Information provided:

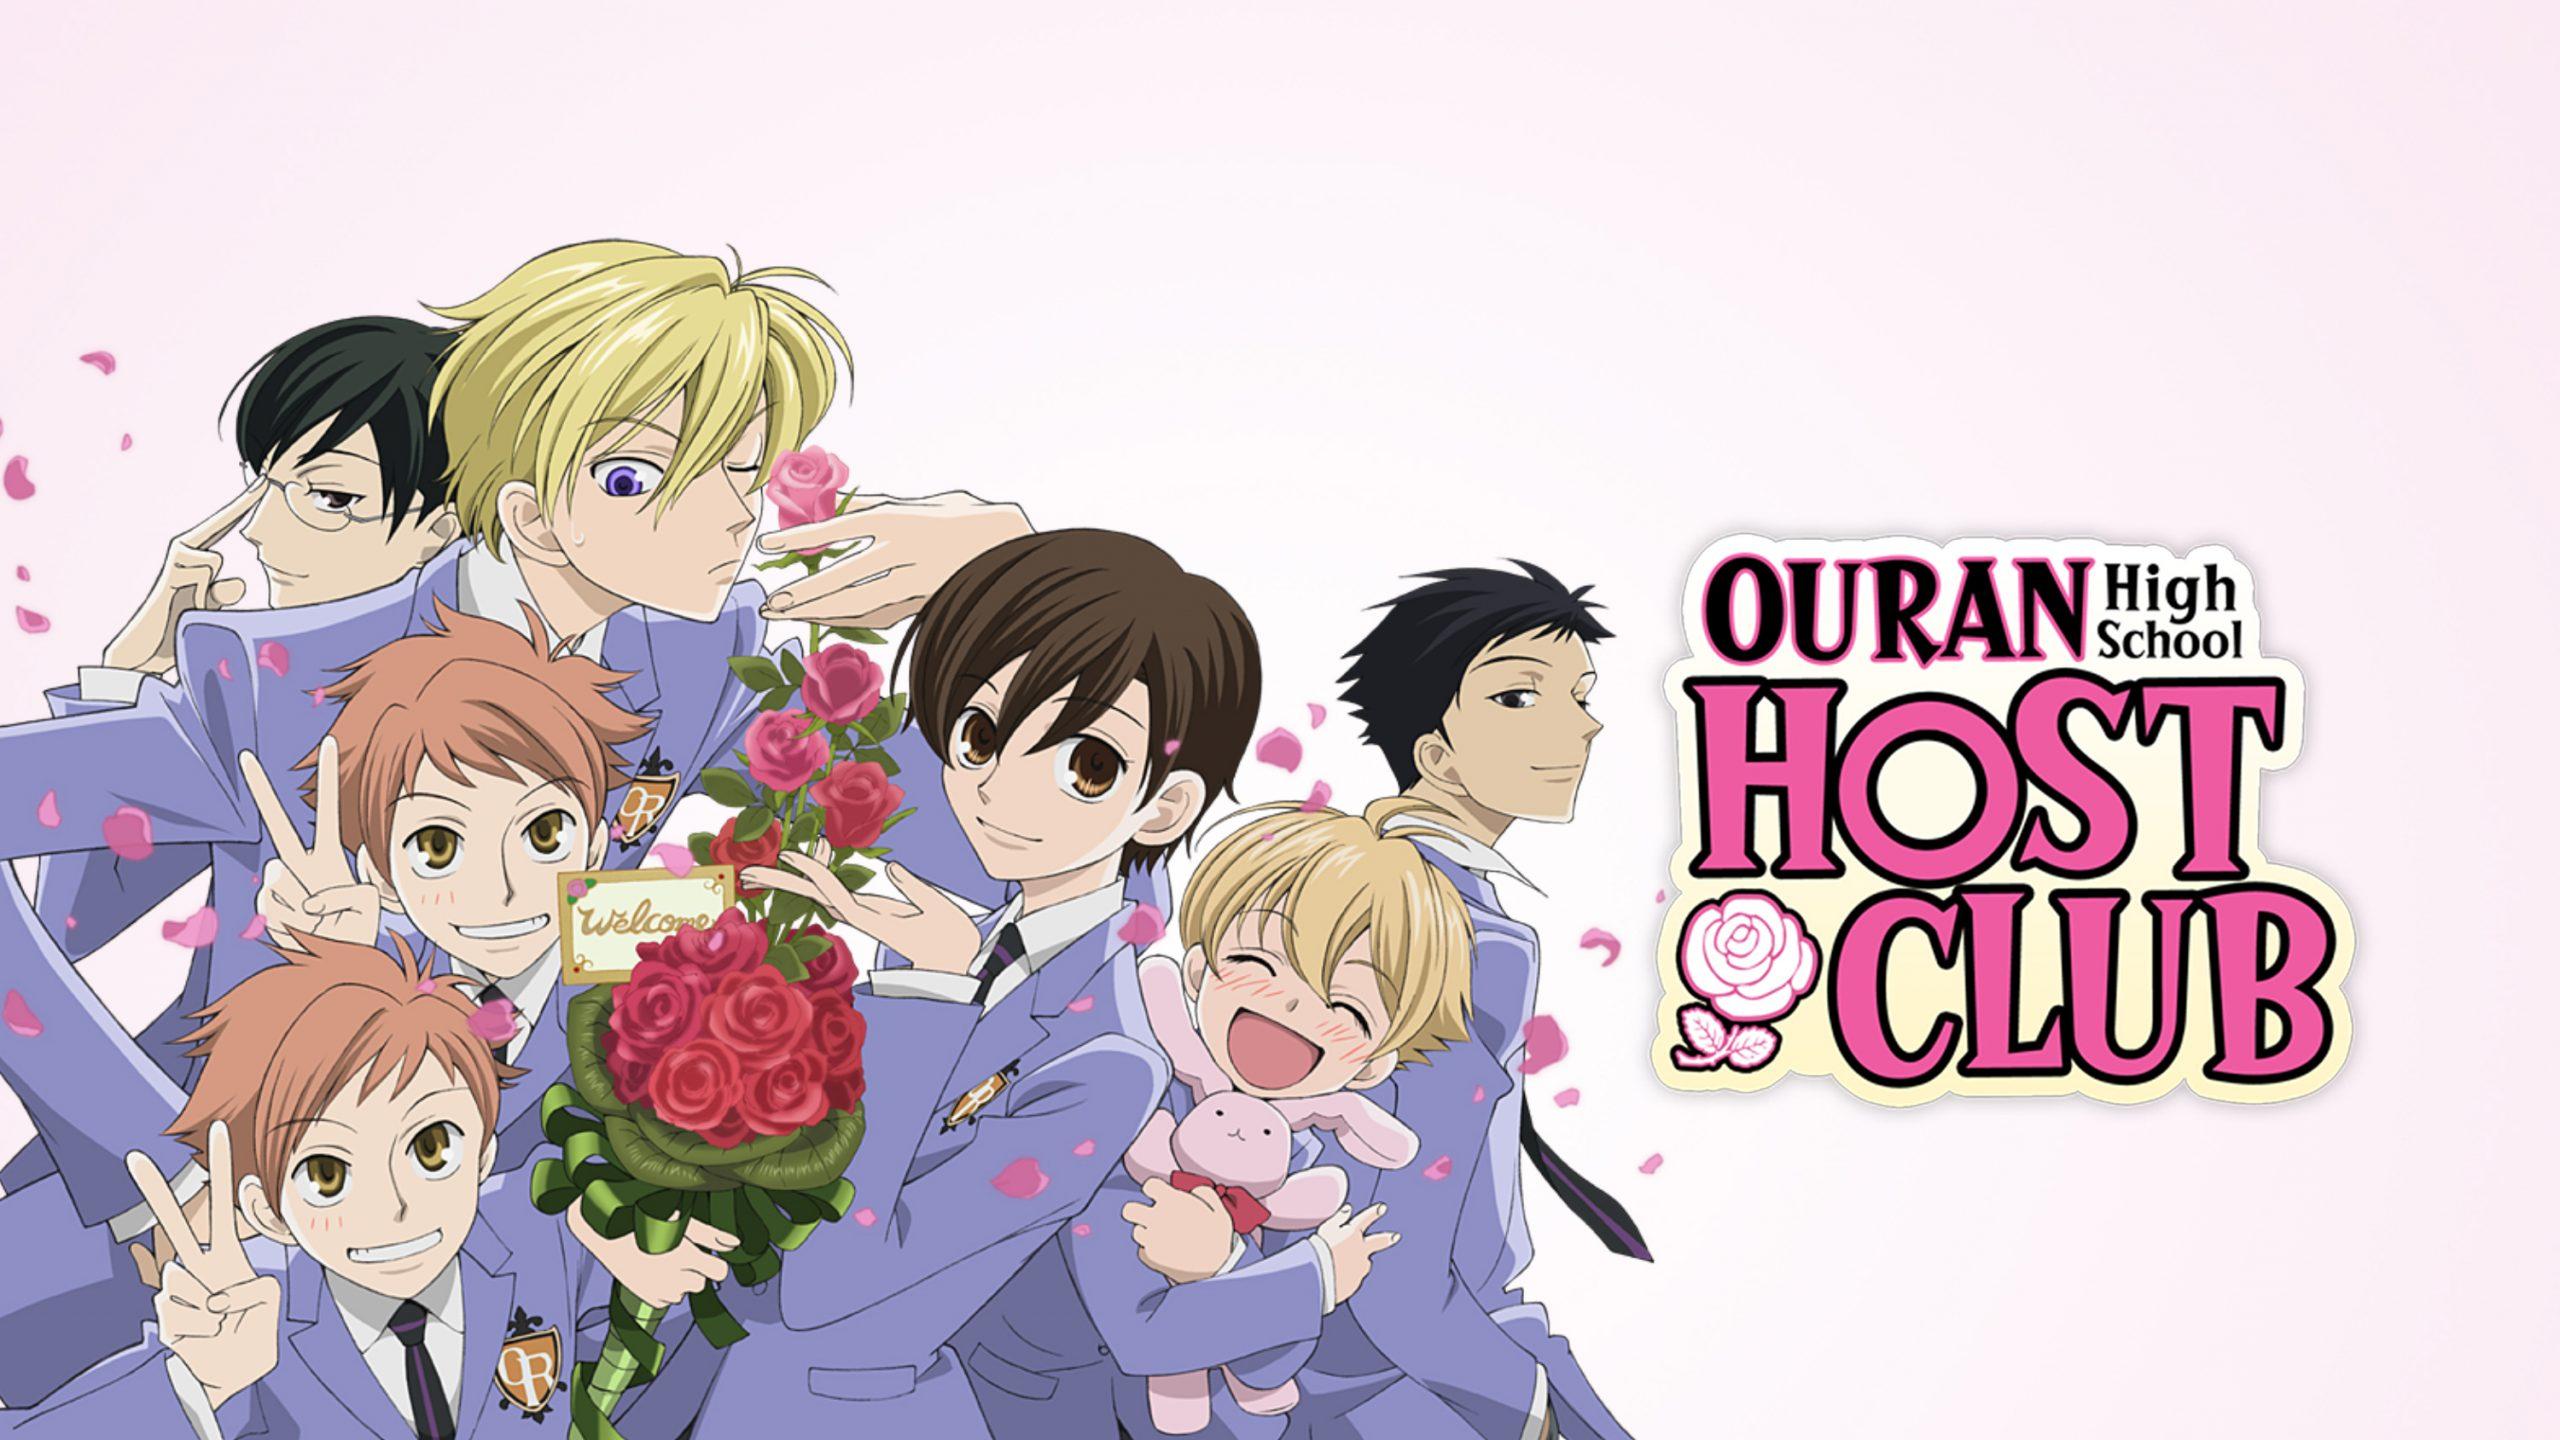 Ouran Highschool Host Club Season 2: Release Date
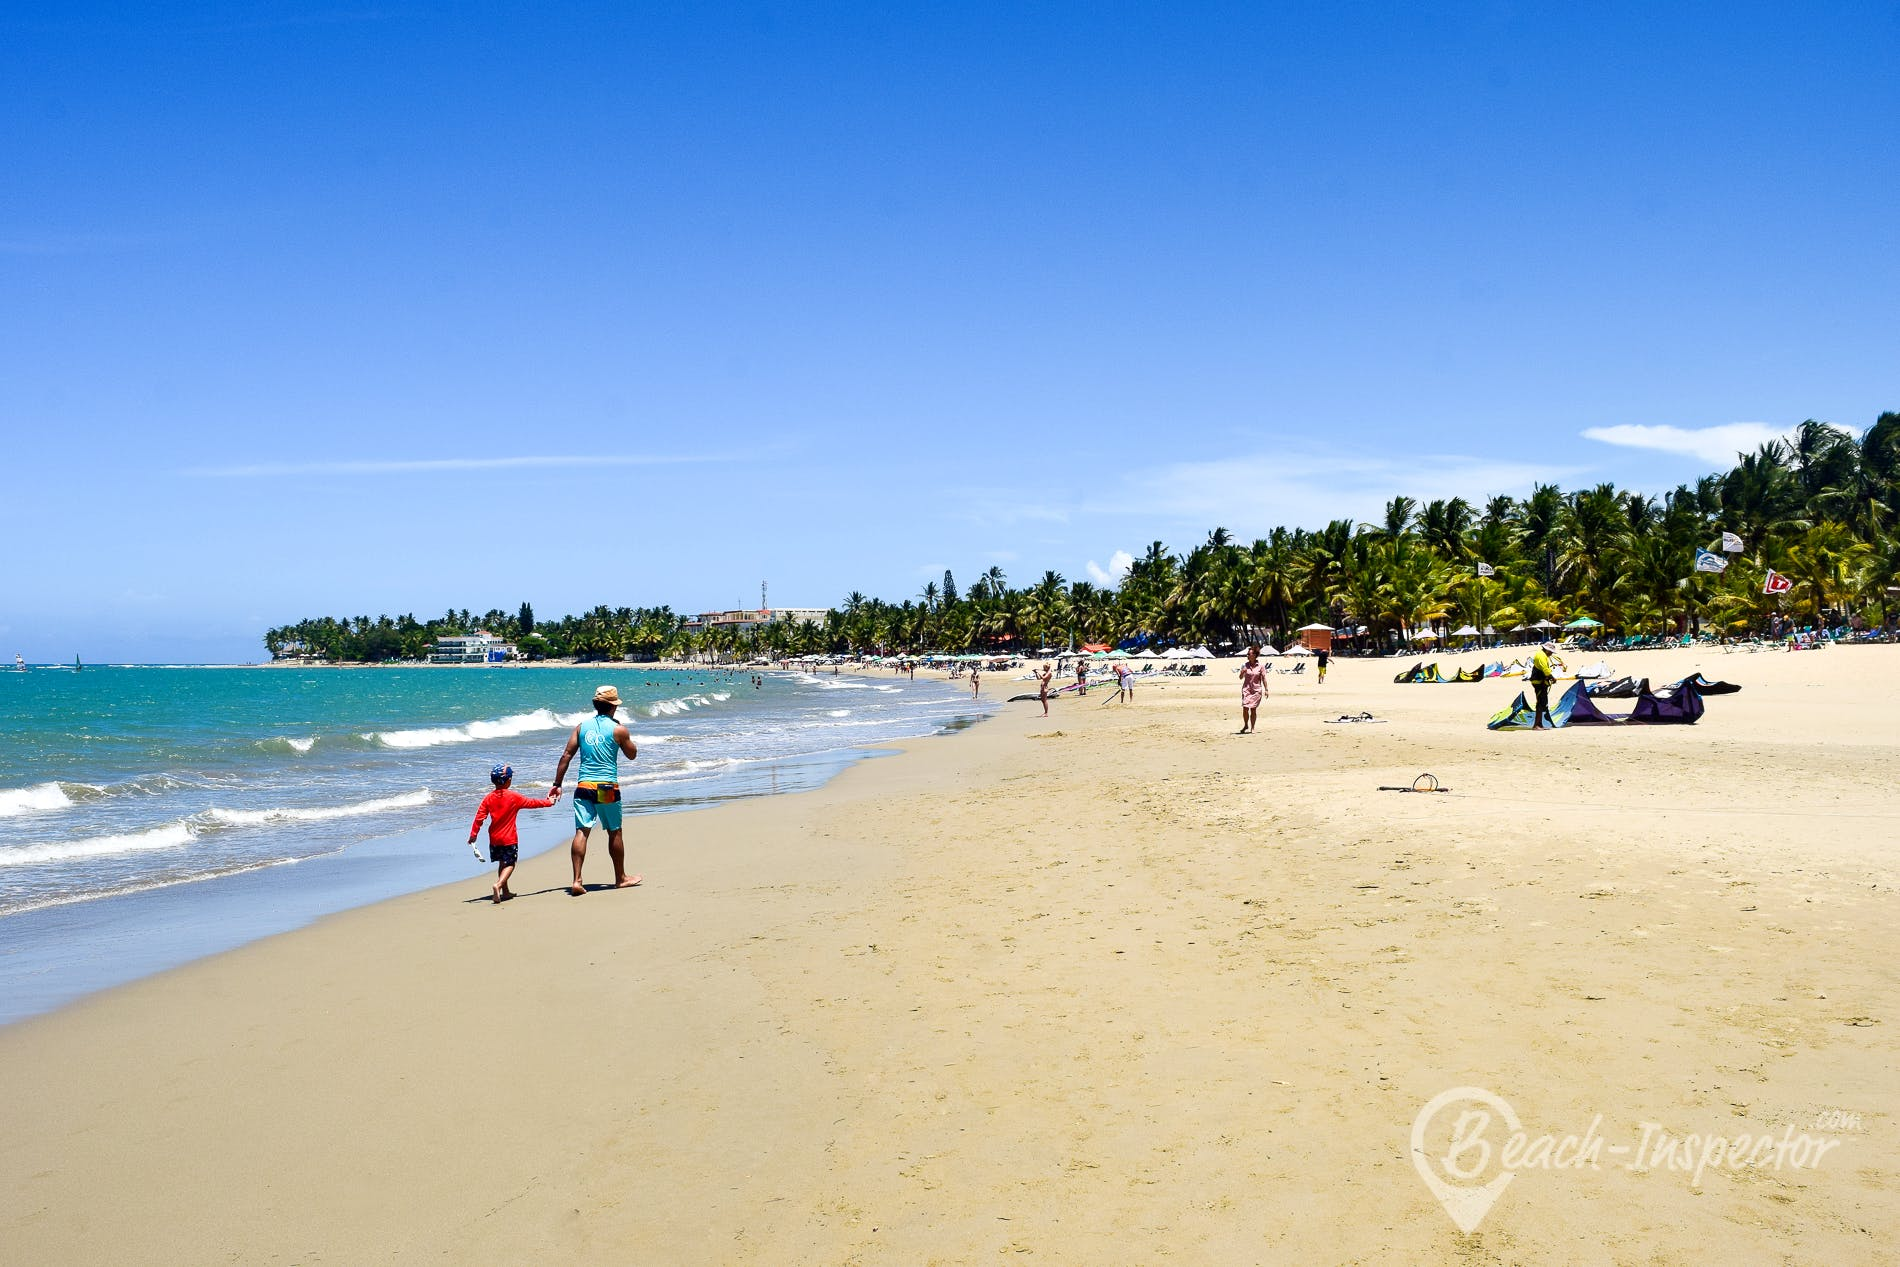 Beach Playa Cabarete, Dominican Republic, Dominican Republic
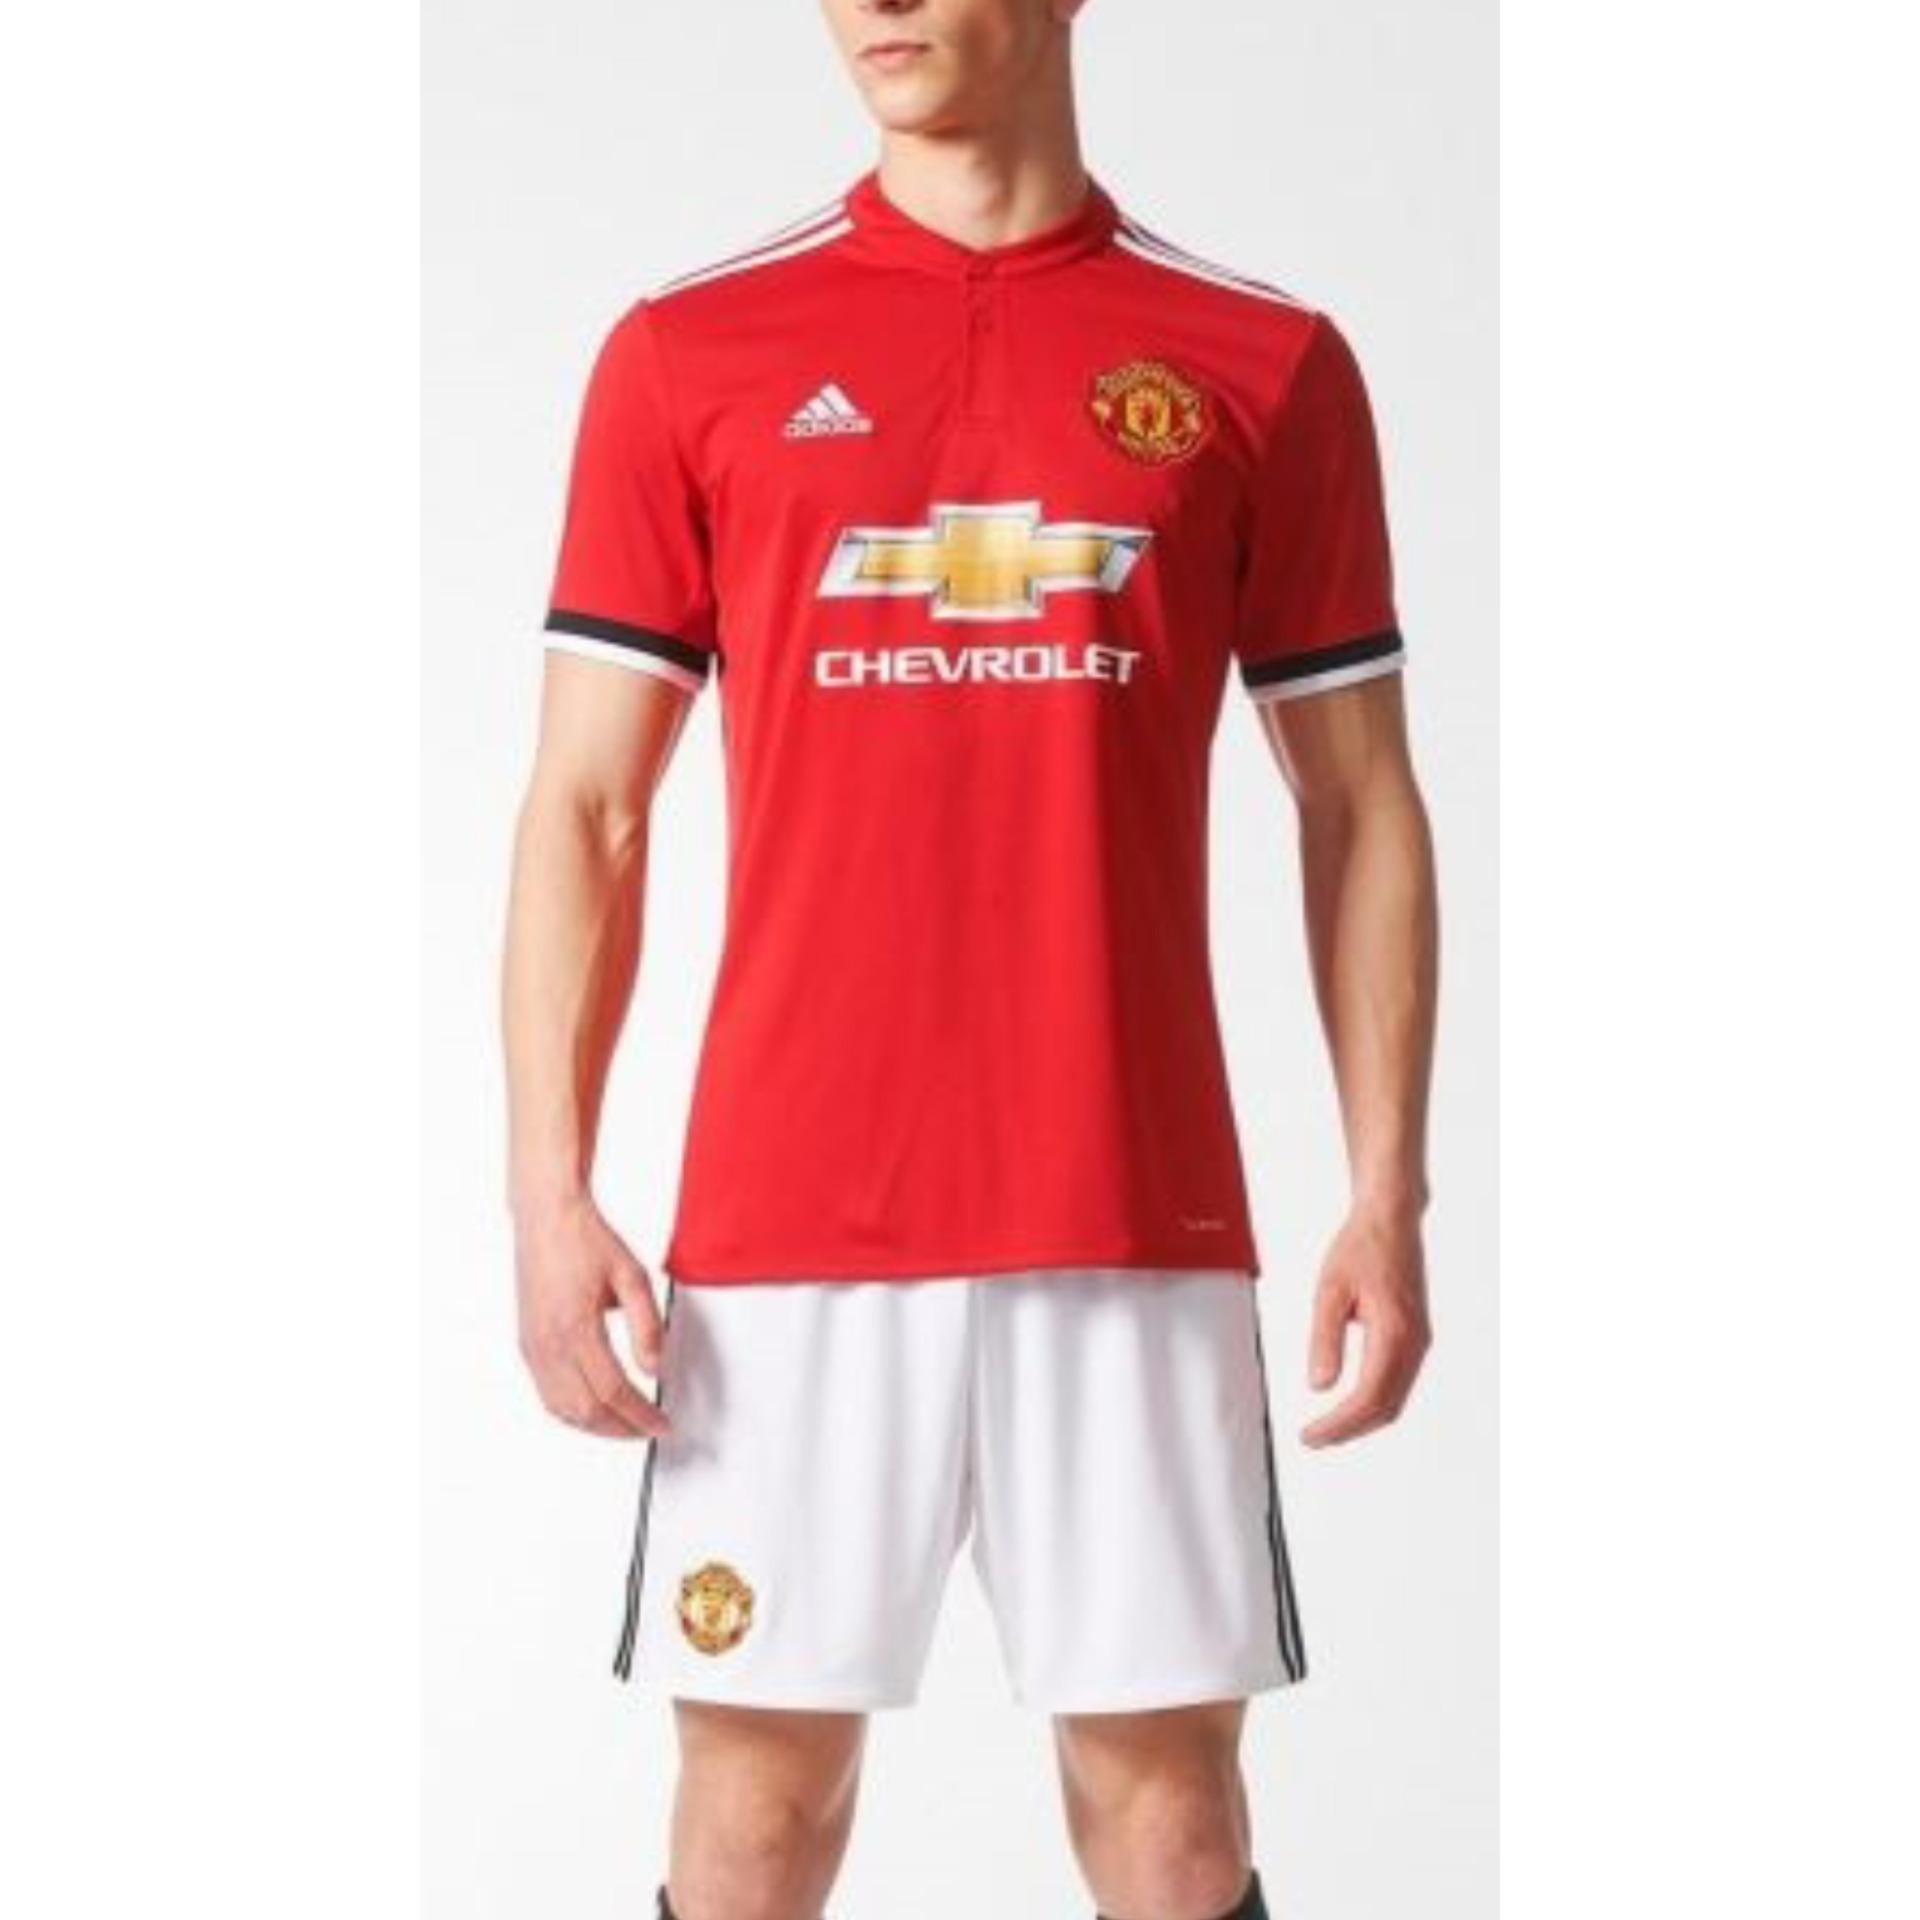 Promo Terbaik Best Seller Ad 02 Baju Futsal Jersey Olahraga Volly Kaos Tshirt Adidas 03 Zoc Bola T Shirt Mu Set Celana Home Away 3rd

Aim of the task: Except for the pictures, the whole listing above should be transcribed exactly.

Solution to the exercise:
 Ouran Highschool Host Club Season 2: Release Date
 Beach Playa Cabarete, Dominican Republic, Dominican Republic
 Promo Terbaik Best Seller Ad 02 Baju Futsal Jersey Olahraga Volly Kaos Tshirt Adidas 03 Zoc Bola T Shirt Mu Set Celana Home Away 3rd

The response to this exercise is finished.